Poly Kernel Inception Network for Remote Sensing Detection

Xinhao Cai,Qiuxia Lai,Yuwei Wang,Wenguan Wang,Zeren Sun,Yazhou Yao
2024-03-20
Abstract:Object detection in remote sensing images (RSIs) often suffers from several increasing challenges, including the large variation in object scales and the diverse-ranging context. Prior methods tried to address these challenges by expanding the spatial receptive field of the backbone, either through large-kernel convolution or dilated convolution. However, the former typically introduces considerable background noise, while the latter risks generating overly sparse feature representations. In this paper, we introduce the Poly Kernel Inception Network (PKINet) to handle the above challenges. PKINet employs multi-scale convolution kernels without dilation to extract object features of varying scales and capture local context. In addition, a Context Anchor Attention (CAA) module is introduced in parallel to capture long-range contextual information. These two components work jointly to advance the performance of PKINet on four challenging remote sensing detection benchmarks, namely DOTA-v1.0, DOTA-v1.5, HRSC2016, and DIOR-R.
Computer Science
What problem does this paper attempt to address?
The paper mainly addresses the problem of object detection in remote sensing images, particularly how to effectively handle the significant variations in object scales and diverse contextual information.
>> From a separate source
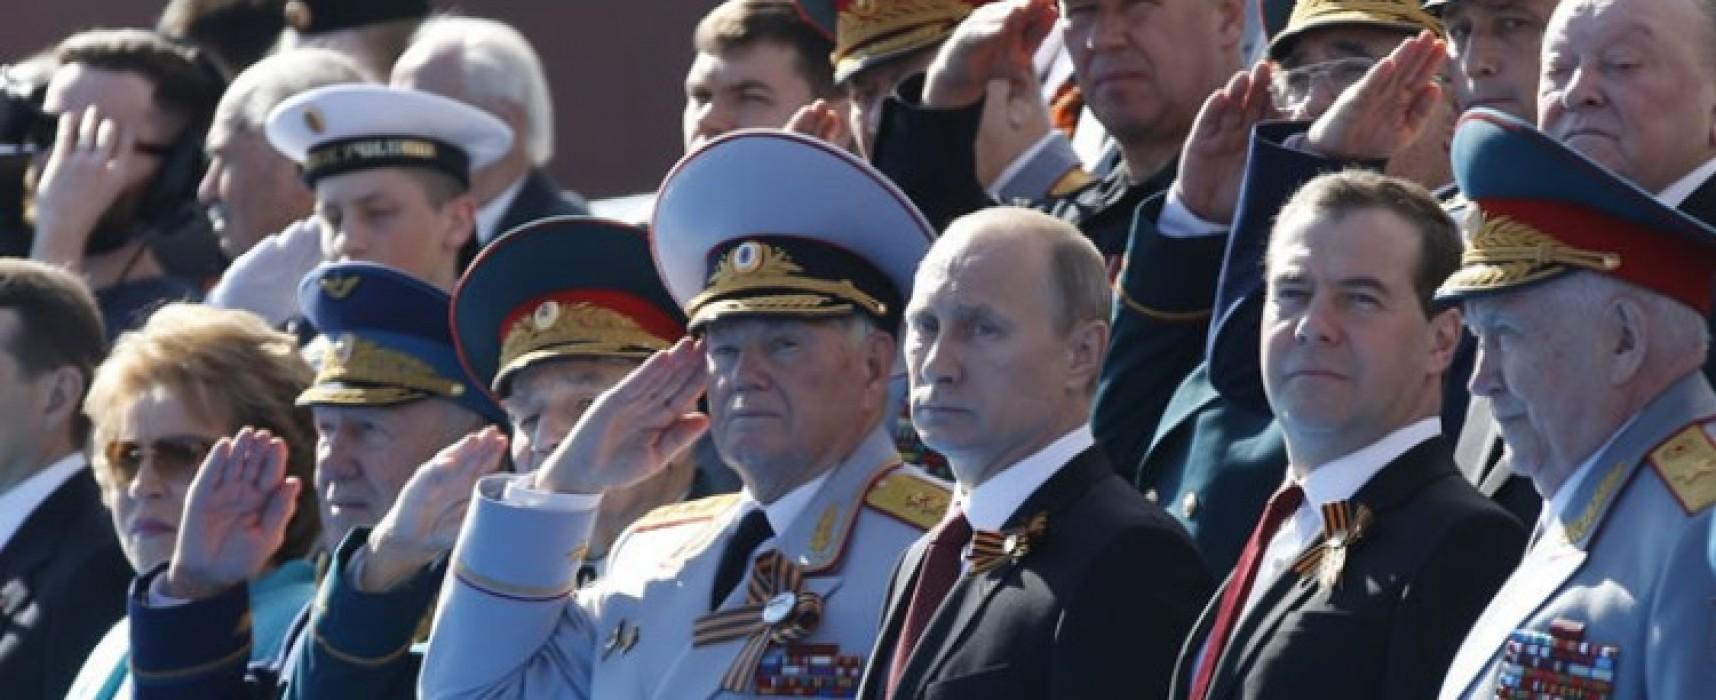 Хвалебный фильм о Путине показали на канале «Россия 1»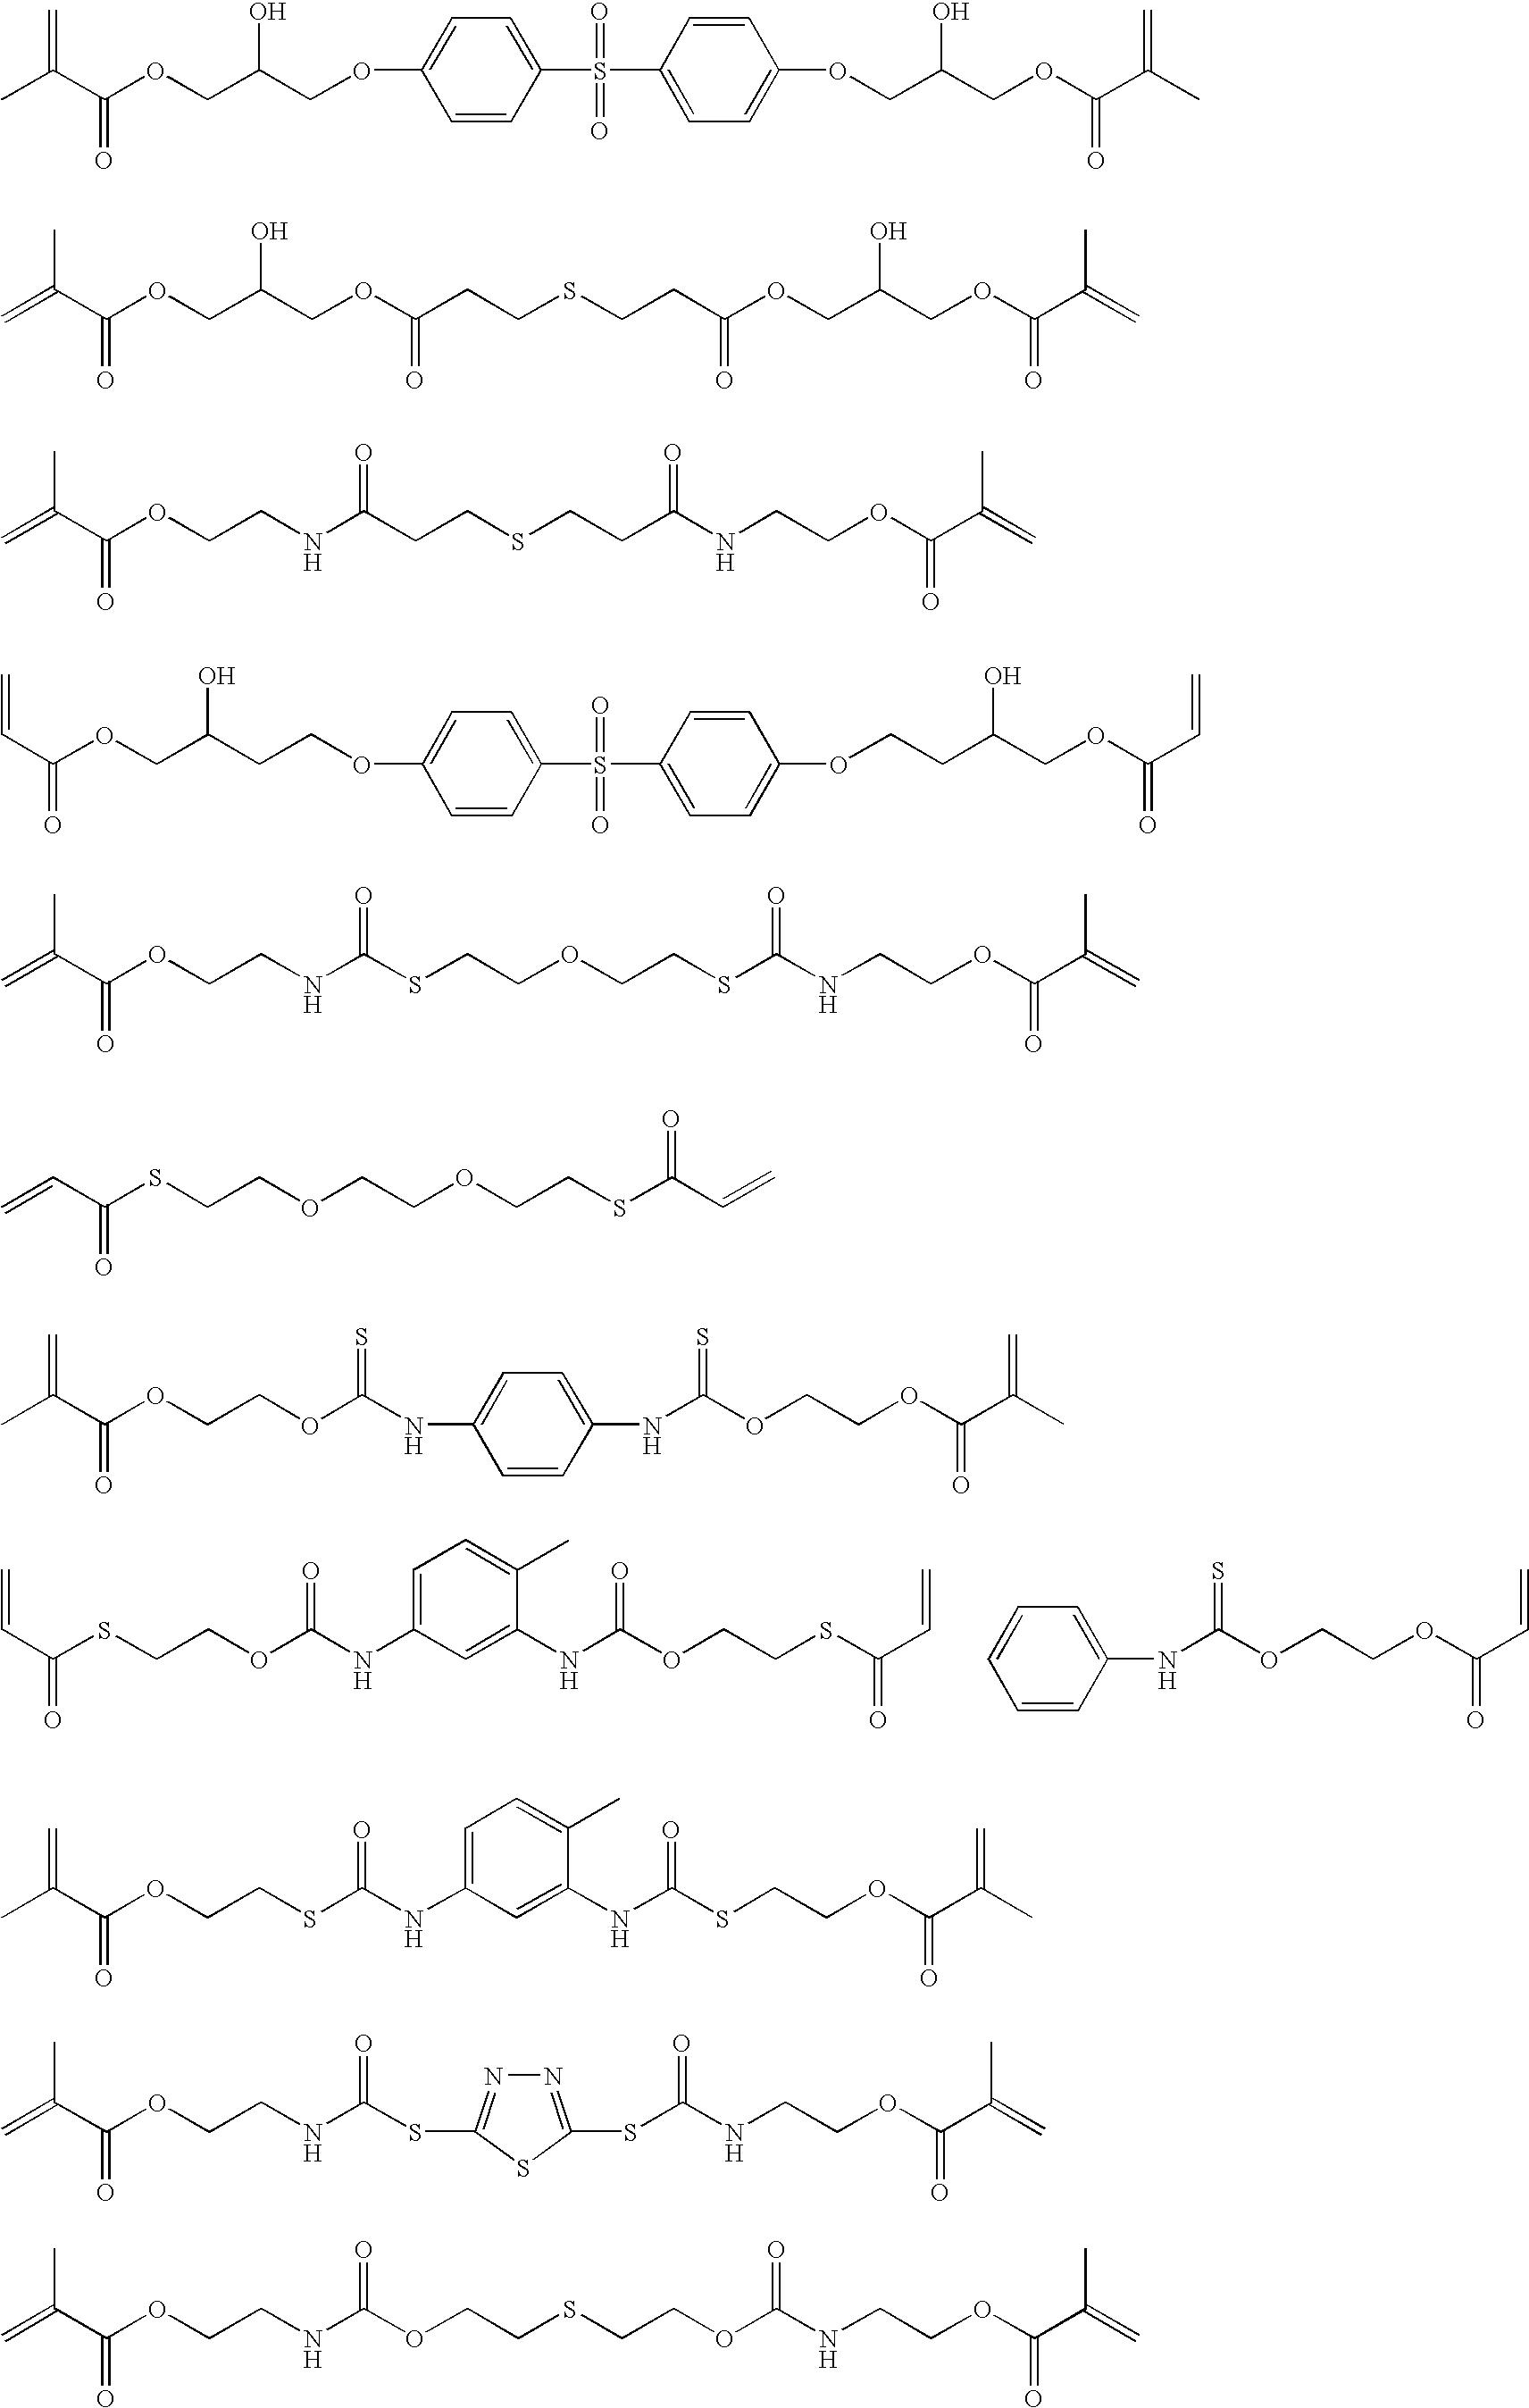 Figure US20090246653A1-20091001-C00157

To solve these issues, the authors propose a multi-scale convolutional network called the Poly Kernel Inception Network (PKINet). The core contributions of PKINet are: 1. **Multi-scale texture feature extraction**: By employing depthwise separable convolution kernels of different sizes (without dilation), PKINet can extract multi-scale texture features at different receptive fields and adaptively fuse these features through a channel fusion mechanism to capture local contextual information. 2. **Long-range context capture**: The introduction of the Context Anchor Attention (CAA) module captures long-range contextual information, further enhancing the feature representation of the central region. 3. **Lightweight design**: Utilizing depthwise separable convolutions and 1D convolutions, the model has fewer parameters and high computational efficiency. Through the above methods, PKINet demonstrates significant performance improvements on four challenging remote sensing detection benchmark datasets (DOTA-v1.0, DOTA-v1.5, HRSC2016, and DIOR-R). Experimental results show that PKINet not only effectively handles variations in object scales but also fully leverages the contextual information around objects, thereby improving the accuracy of object detection in remote sensing images.